Forums / Developer / HOWTO Convert database from charset latin-1 to utf-8

HOWTO Convert database from charset latin-1 to utf-8

Author Message

Björn Dieding@xrow.de

Wednesday 21 December 2005 12:21:23 pm

What is the savest way to convert a hole database into another charset?

I did it with just dumping the data.

Sometimes it seems it does not work right.

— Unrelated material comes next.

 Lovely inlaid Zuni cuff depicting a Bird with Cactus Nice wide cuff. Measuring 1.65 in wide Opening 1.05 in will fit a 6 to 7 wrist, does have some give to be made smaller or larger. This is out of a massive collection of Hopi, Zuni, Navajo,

I had to run this query since there stupid chars injected.

SELECT UNHEX ( 'C2A0' );

UPDATE ezcontentobject_attribute SET data_text = REPLACE ( data_text, UNHEX ( 'C2A0' ), ' ' );

I have no clue where those chars came from. Does anybody has an idea?

Looking for a new job? http://www.xrow.com/xrow-GmbH/Jobs
Looking for hosting? http://hostingezpublish.com
-----------------------------------------------------------------------------
GMT +01:00 Hannover, Germany
Web: http://www.xrow.com/

Georg Franz

Wednesday 21 December 2005 2:44:03 pm

Hi Björn,

which version of mysql?

The problem is: Content is saved in utf-8 in some table rows if you are using in latin-1. So if you convert the whole dump from latin-1 to utf-8 the content is messed up.

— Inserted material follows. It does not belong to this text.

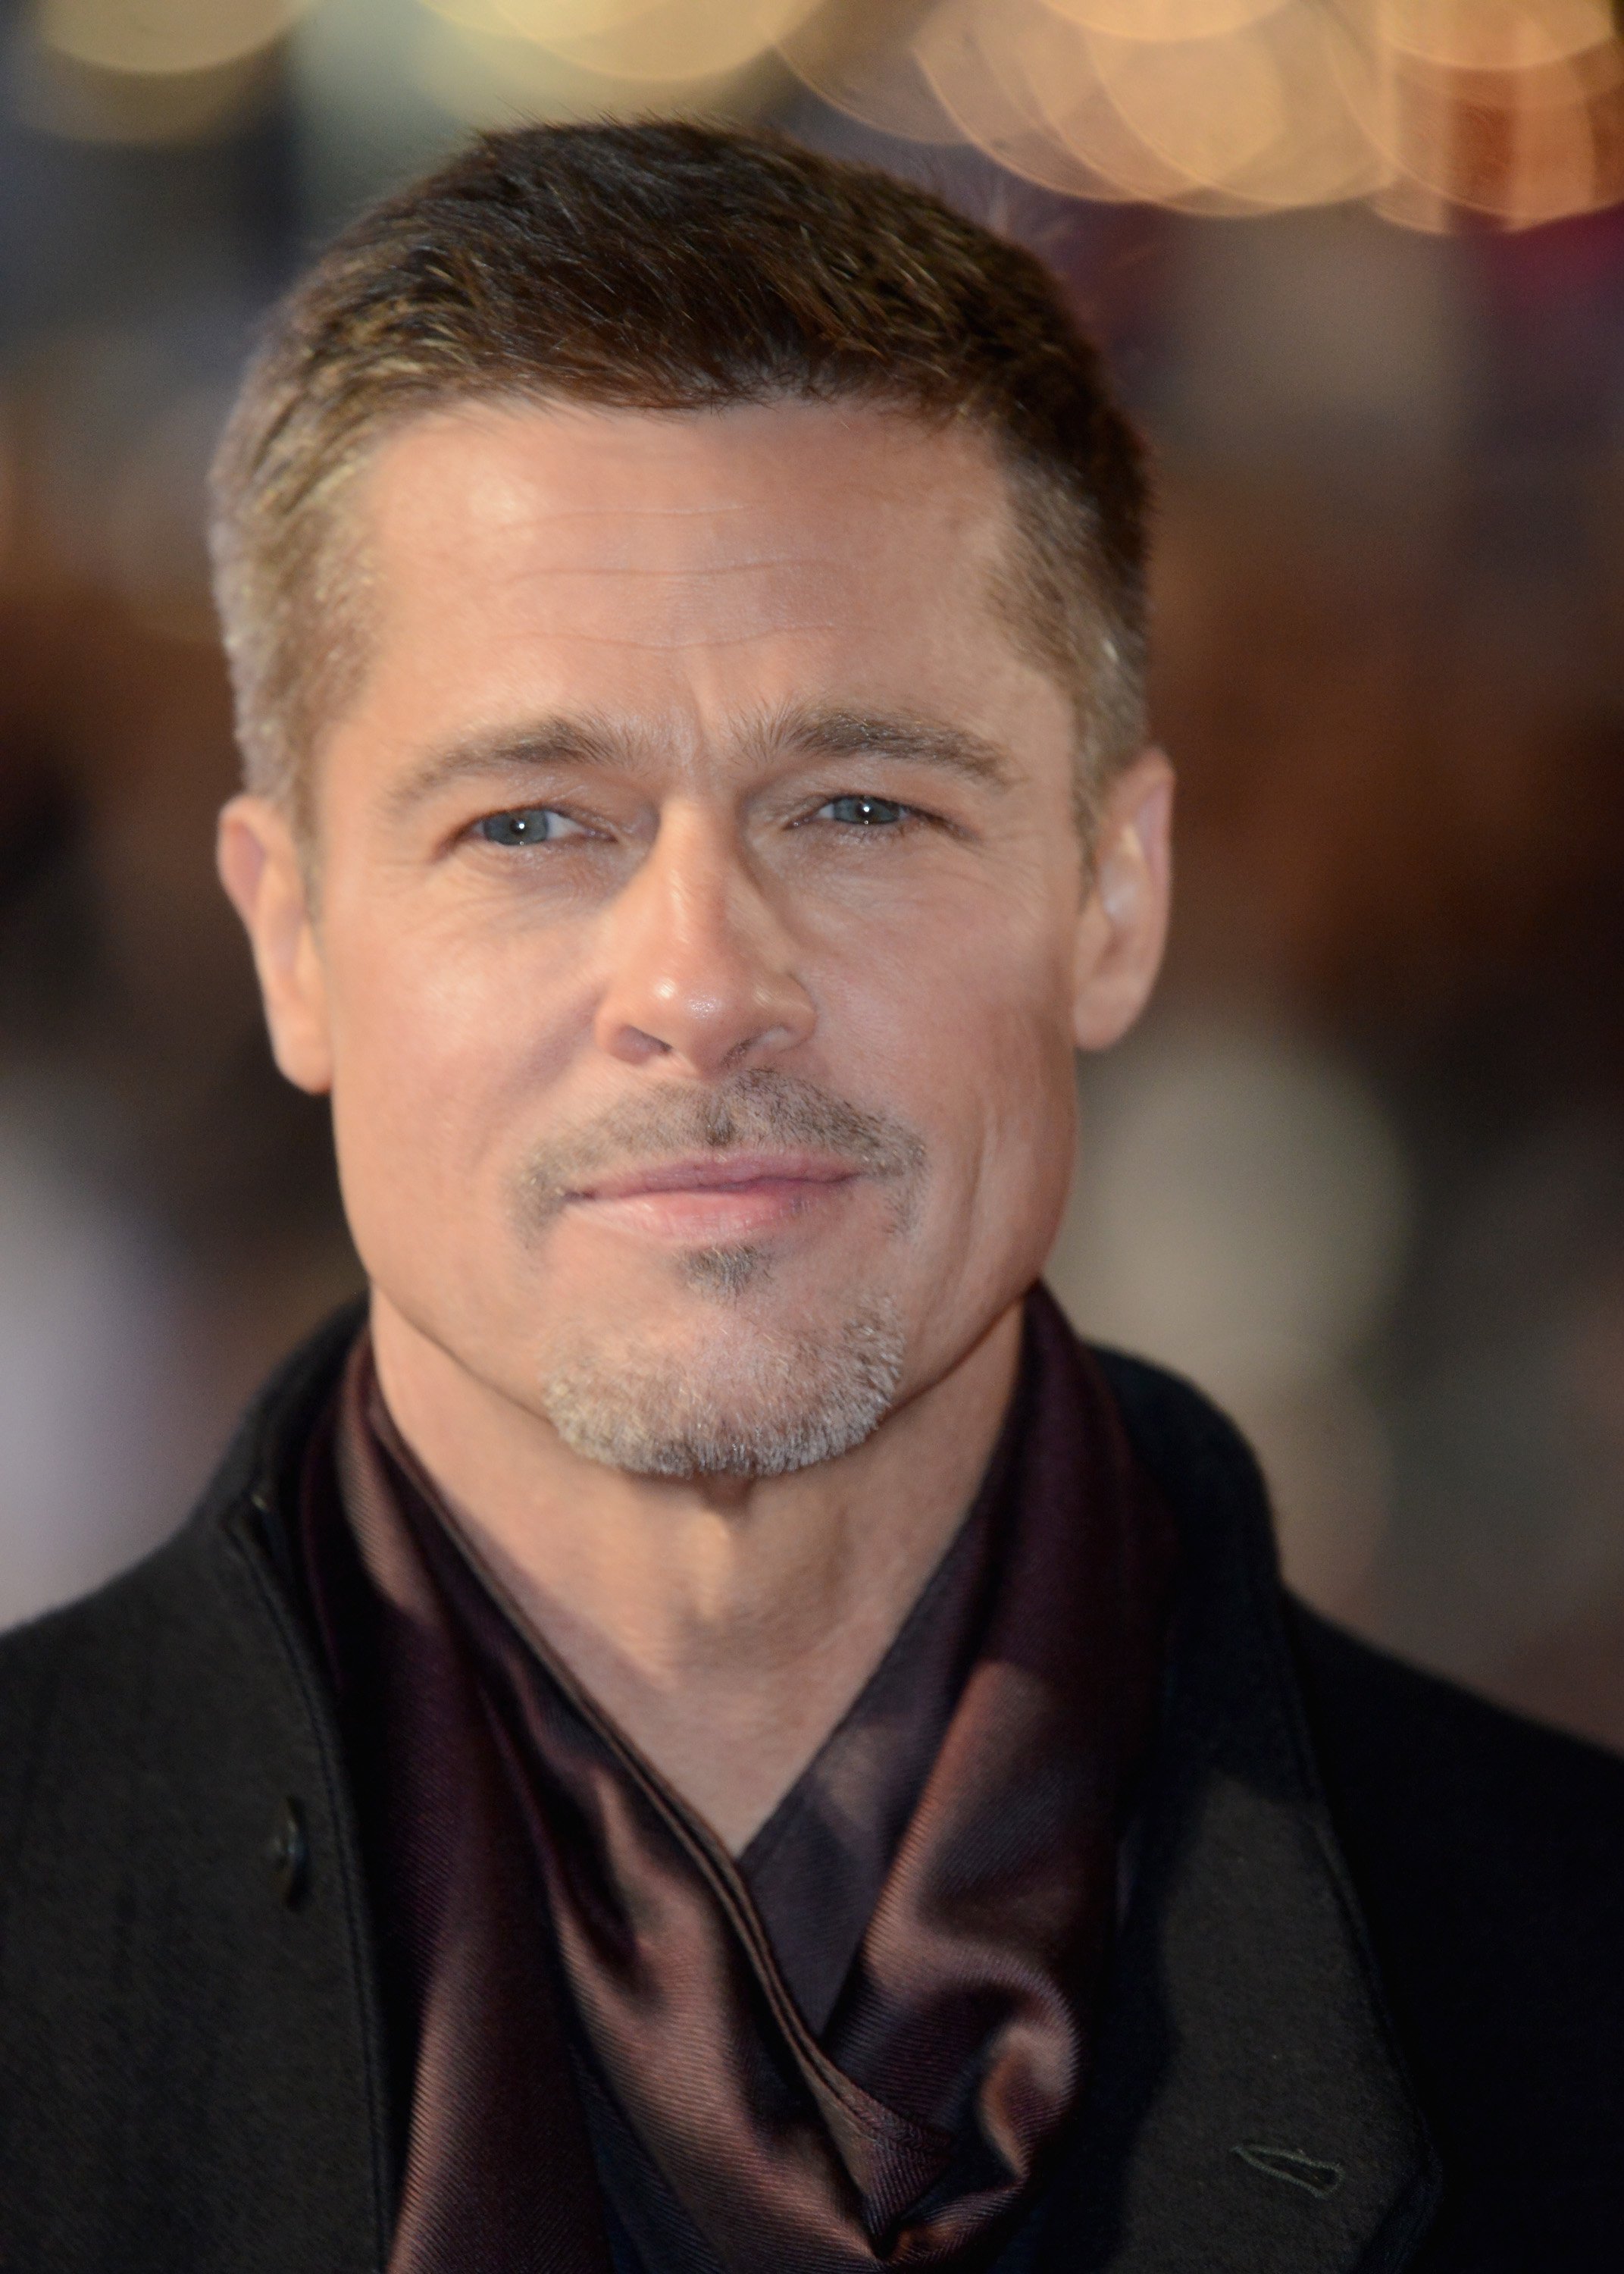 Brad Pitt 'Caught On Date' With New Woman After Angelina Jolie Split

So I wrote some scripts to do the job "manually" ... i search the links after the post.

Best wishes,
Georg.

--
http://www.schicksal.com Horoskop website which uses eZ Publish since 2004

Georg Franz

Wednesday 21 December 2005 2:51:21 pm

Hi,

found the link:
http://ez.no/products/ez_publish_cms/documentation/configuration/configuration/language_and_charset/unicode_with_ez_publish

As I remember you need at least mysql 4.1.11+, because earlier versions have an utf-8 bug.

Best wishes,
Georg.

--
http://www.schicksal.com Horoskop website which uses eZ Publish since 2004

Björn Dieding@xrow.de

Wednesday 21 December 2005 2:59:21 pm

My versions are of course up to date... I moved the content from a mysql 3.x to a mysql 5 and back to a 4.1

Too said that your script is lost in the old documentation...

I wonder if the new documentation can properly answer this question ;-)

Looking for a new job? http://www.xrow.com/xrow-GmbH/Jobs
Looking for hosting? http://hostingezpublish.com
-----------------------------------------------------------------------------
GMT +01:00 Hannover, Germany
Web: http://www.xrow.com/

Georg Franz

Thursday 22 December 2005 4:59:53 am

Hi Björn,

http://ez.no/community/forum/setup_design/iso_8859_1_to_utf_8_conversion/re_iso_8859_1_to_utf_8_conversion__1

There is a script to change the charset + collation of the whole db at once. But be careful, it only works, if the content of all tables is in the same charset.

Best wishes,
Georg.

--
http://www.schicksal.com Horoskop website which uses eZ Publish since 2004

Xavier Dutoit

Thursday 22 December 2005 7:23:47 am

Let me share with you the pain I had with the conversion.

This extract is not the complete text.